Here I Am by Jonathan Safran Foer(20)



“Nothing has changed,” Jacob said, running his hand along the dry-stone wall as they walked the mossy path to the entrance. Jacob wondered, as he’d wondered ten years before, how the hell such a wall was made.

“I remember everything but us,” Julia said with an audible laugh.

They checked in, but before taking the duffel to the room, went to the fire and eased into the coma-inducing leather armchairs that they hadn’t remembered but then couldn’t stop remembering.

“What did we drink when we sat here last time?” Jacob asked.

“I actually remember,” Julia said, “because I was so surprised by your order. Rosé.”

Jacob let out a hearty laugh and asked, “What’s wrong with rosé?”

“Nothing,” Julia laughed. “It was just unexpected.”
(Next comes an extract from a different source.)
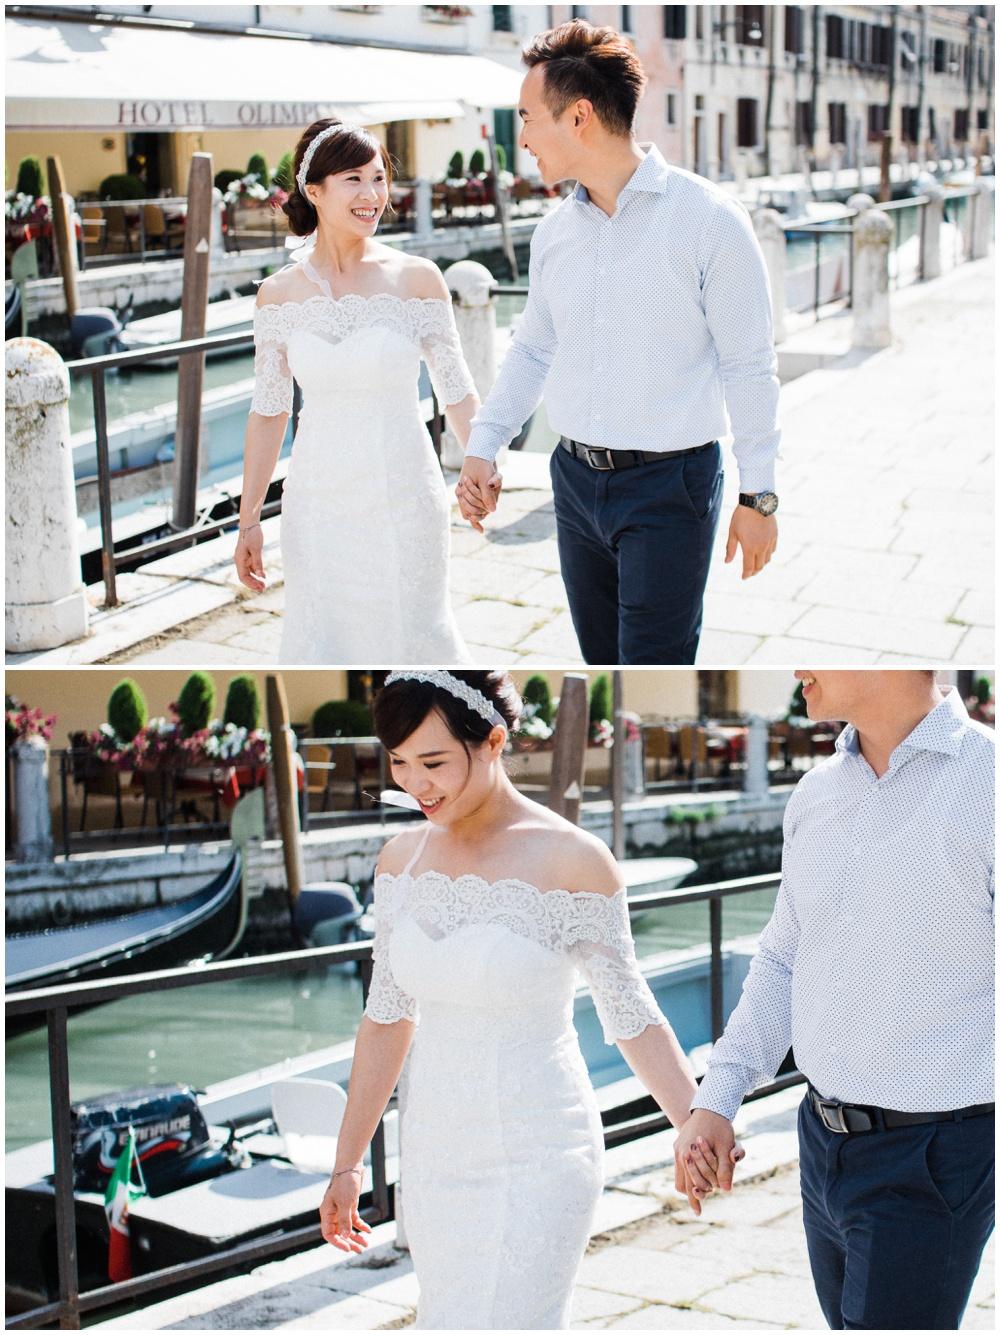 威尼斯 - 意大利的婚礼摄影师-stefano-degirmenci_0054.jpg

They ordered two glasses of rosé.

They tried to remember everything about the first visit, every smallest detail: what was worn (what clothes, what jewelry), what was said when, what music was playing (if any), what was on the TV over the honesty bar, what complimentary appetizers were offered, what jokes Jacob told to impress her, what jokes Jacob told to deflect a conversation he didn’t want to have, what each had been thinking, who had the courage to nudge the still-new marriage onto the invisible bridge between where they were (which was thrilling, but untrustworthy) and where they wanted to be (which would be thrilling and trustworthy), across a chasm of so much potential hurt.

They ran their hands along the rough-hewn banister of the stairs to the dining room and had a candlelit dinner, almost all the food sourced from the property.

“I think it was on that trip that I explained why I don’t fold my glasses before putting them on the bedside table.”

“I think you’re right.”

Another glass of rosé.

“Remember when you came back from the bathroom and it took you like twenty minutes to see the note I’d written in butter on your plate?”

“?‘You’re my butter half.’?”

“Yeah. I really choked. Sorry about that.”

“If we’d been sitting closer to the fire, you might have been spared.”

“Although hard to explain the puddle. Ah, well. Next time I’ll do butter.”

“Next time is right now,” she said—an offering and a summoning.

“And I’m supposed to just churn them out?” With a wink: “Churn?”

“Yes, I get it.”

“Your stoicism is a butter pill to swallow.”

“So give me something good.”

“I know what you’re thinking: Bad butter puns, how dairy!”

That got a chuckle. She reflexively tried to withhold her laughter (not from him, but herself) and felt an unexpected desire to reach across the table and touch him.

“What? You can’t believe it’s not better?”

Another chuckle.

“Butter precedes essence.”

“That one I don’t get. What do you say we move on to bread puns, or maybe even dialogue?”

“Have I milked it too much?”

“Relent, Jacob.”

“Who ya gonna call? Goat’s Butter!”

“Best yet. Definitely the one to end it on.”

“Just to clear the dairy air, I’m the funniest man you’ve ever known?”

“Only because Benjy isn’t yet a man,” she said, but the combination of her husband’s overwhelming quickness and his overwhelming need to be loved brought waves of love, pulled her into its ocean.

“Guns don’t kill people, people kill people. Toasters don’t toast toast, toast toasts toast.”

“Toasters toast bread.”

“The margarine for error is too small!”

What if she’d given him the love he needed, and she needed to give, if she’d said, “Your mind is making me want to touch you”?

What if he’d been able to make the right joke at the right time, or better still, be still?

Another glass of rosé.

“You stole a clock from the desk! I just remembered that!”

“I did not steal a clock.”

“You did,” Julia said. “You totally did.”

The only time in his life he impersonated Nixon: “I am not a crook!”

“Well, you definitely were. It was a tiny, folding, cheap nothing. After we made love. You went to the desk, stopped the clock, and put it in your jacket pocket.”

“Why would I have done that?”

“I think it was supposed to be romantic? Or funny? Or you were trying to show me your spontaneity credentials? I have no idea. Go back and ask yourself.”

“You’re sure you’re thinking of me? And not some other man? Some other romantic night at an inn?”

“I’ve never had a romantic night at an inn with anyone else,” Julia said, which shouldn’t have required saying, and wasn’t true, but she wanted to care for Jacob, especially right then. Neither knew, only a few steps onto that invisible bridge, that it never ended, that the rest of their life together would require steps of trust, which only led to the next step of trust. She wanted to care for him then, but she wouldn’t always.

They stayed at their table until the waiter, in splutters of profuse apology, explained that the restaurant was shutting down for the night.